И Остроухов весь дрожал и, казалось, готовился упасть к ногам Любы, которая кротко сказала:
— Я на вас не сержусь: вы любили ее…
— Как дочь! — подхватил Остроухов.
— Значит, вы ни в чем не виноваты.
— О, вы добрая!.. да, вы женщина, вы еще не испорчены, как она! Я скажу вам откровенно, я ехал сюда, чтоб расстроить вашу свадьбу; а теперь, теперь! — И Остроухов тоскливо рванул себя за поношенный черный фрак и печально продолжал: — Я готов отдать свою жизнь, хотя трудно, чтоб она что-нибудь стоила, — прибавил он иронически, — лишь бы успокоить вас и всё уладить… Прощайте! не думайте обо мне того, что недавно сказала безумная, испорченная женщина, будто я вступался за вас из… Ну да кто ей станет верить!.. Нет, вся вина моя в том, что я не износил вместе с своей наружностью привязанности и горячности к людям, которых я люблю. Но… я ее более не увижу!! Прощайте и простите великодушно старому и из ума выжившему ярмарочному актеру…
И Остроухов, почтительно поклонясь, печально вышел из комнаты.
Собирая свои растерянные мысли, Люба походила на женщину, упавшую с большой высоты и едва очнувшуюся, голова которой не пришла в порядок от сильного сотрясения.
Почти в то же самое время и Тавровский имел визит; но разница в том, что он вовсе не был потрясен.
Когда он сидел у себя в кабинете, Зина тихо вошла к нему, с потупленными глазами, и, как бы сконфуженная своей смелостью, робко сказала:
— Я, может быть, вас беспокою?
— Очень приятно! не угодно ли? — отвечал Тавровский, подавая ей стул.
Зина села и как бы задумалась.
Тавровский, смотря на нее, шутливым тоном спросил (впрочем, он всегда этим тоном говорил с ней):
— Вы о чем-то мечтаете?
— Да! я думала о своем положении — как ужасно быть одной, не иметь никого, кто бы принял участие, защитил… — печально отвечала Зина.
— Помилуйте! да вы мне кажетесь окруженною двадцатью опытными маменьками, тетушками и прабабушками, которые наперерыв дают вам советы, как вести себя и обработывать ваши дела.
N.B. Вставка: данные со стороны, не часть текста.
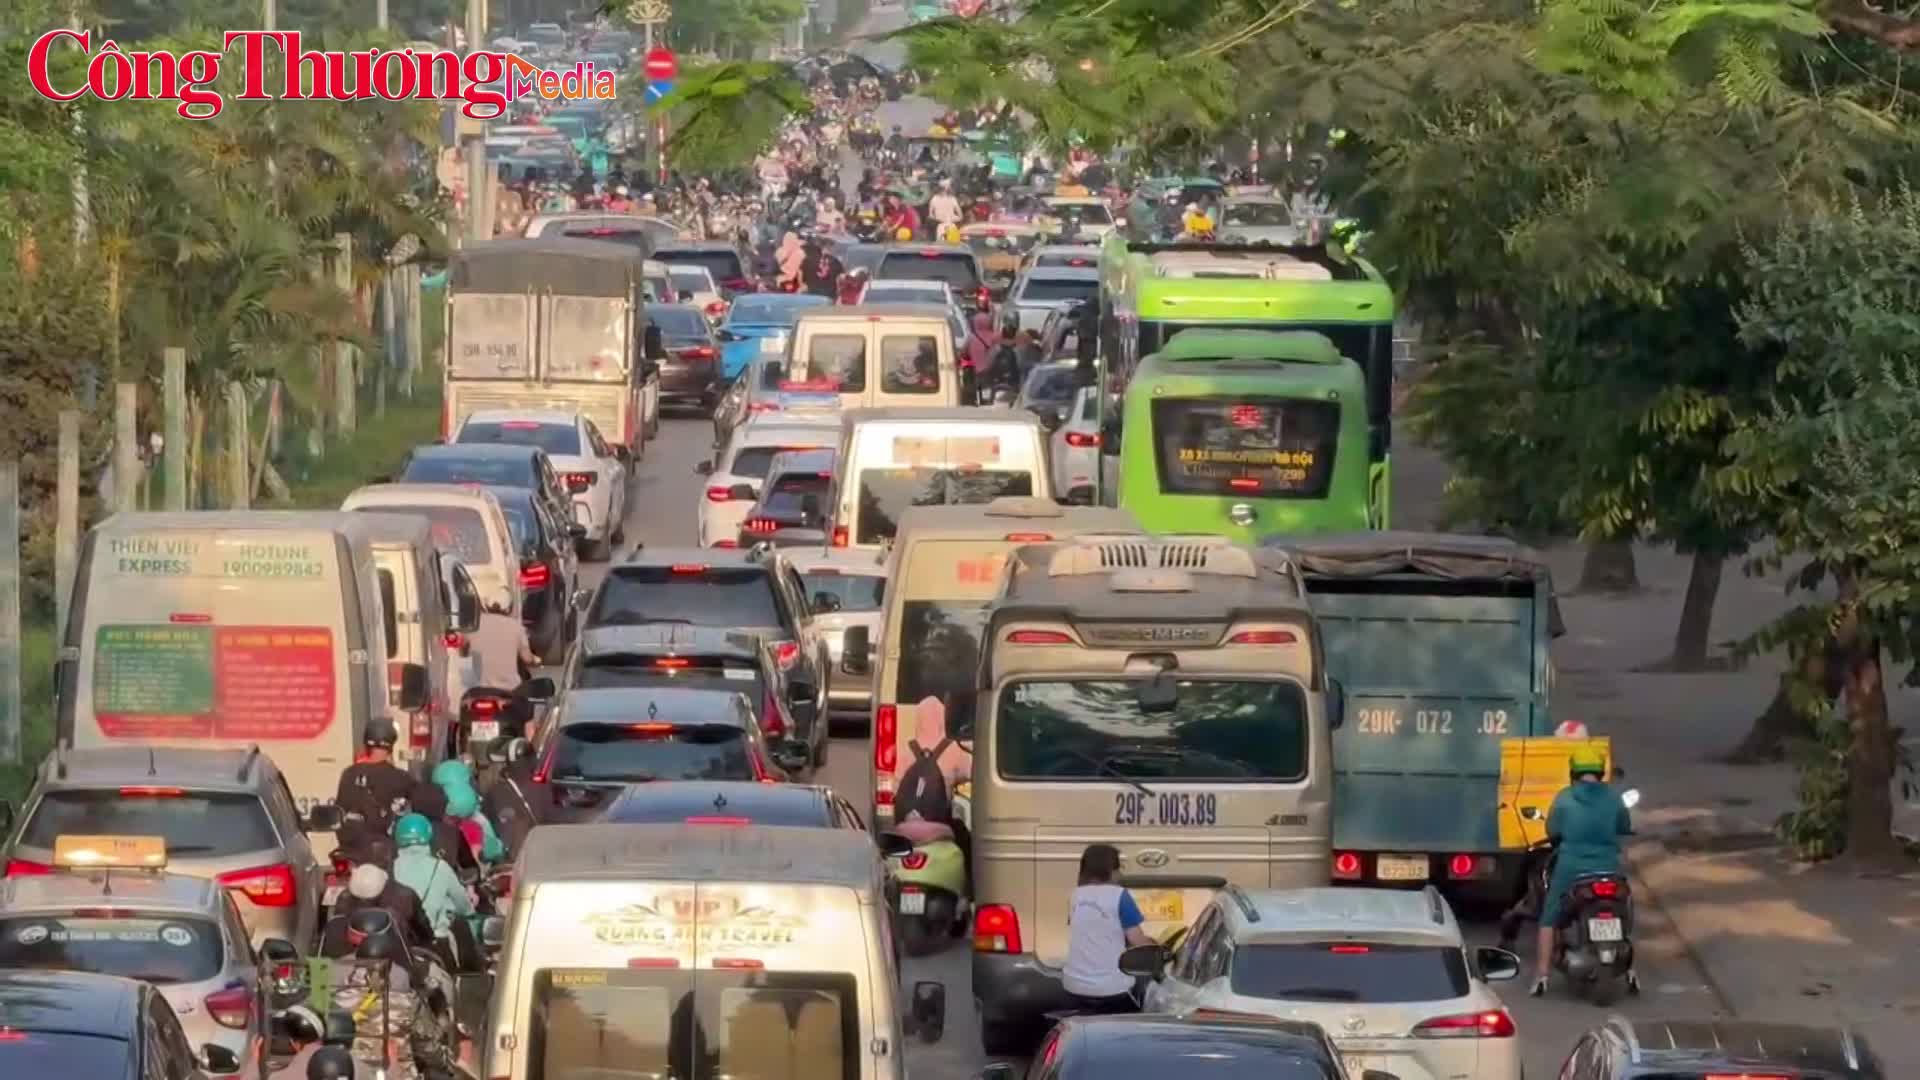 Hà Nội: Người dân hối hả rời thành phố về nghỉ lễ 30/4 - 1/5

— Ах! — тяжело вздохнув, с грустью отвечала Зина. — Вот в сию минуту, когда я пришла к вам с открытым сердцем…
— Это должно быть очень любопытно — увидеть такое сердце! — перебил ее Тавровский.
— В нем, как и в других, есть очень много недостатков.
— Например?
— Излишняя привязанность…
— Немстительность, доброта, кротость… У! какое богатство!
— Зато я не имею денег!
— Да эти достоинства уравновешивают вас с первыми богачками на свете.
— Не все так думают, как вы; всего прежде требуют от девушки приданого.
— А вы собираетесь замуж? — быстро спросил Тавровский.
— Может быть! — лукаво отвечала Зина.
— Ну что же, очень умно сделаете: тетушка уже стара…
— И не так щедра, чтоб надеяться быть вознагражденною за все жертвы, — подсказала Зина.
— Да, она вас решительно не понимает!
— Вы всё шутите, Павел Сергеич, а я пришла очень серьезно поговорить с вами.
— За чем же дело стало? Я готов!
И Тавровский подвинул свой стул ближе к Зине, которая жалобно начала:
— Павел Сергеич, вы знаете, что я девушка бедная и…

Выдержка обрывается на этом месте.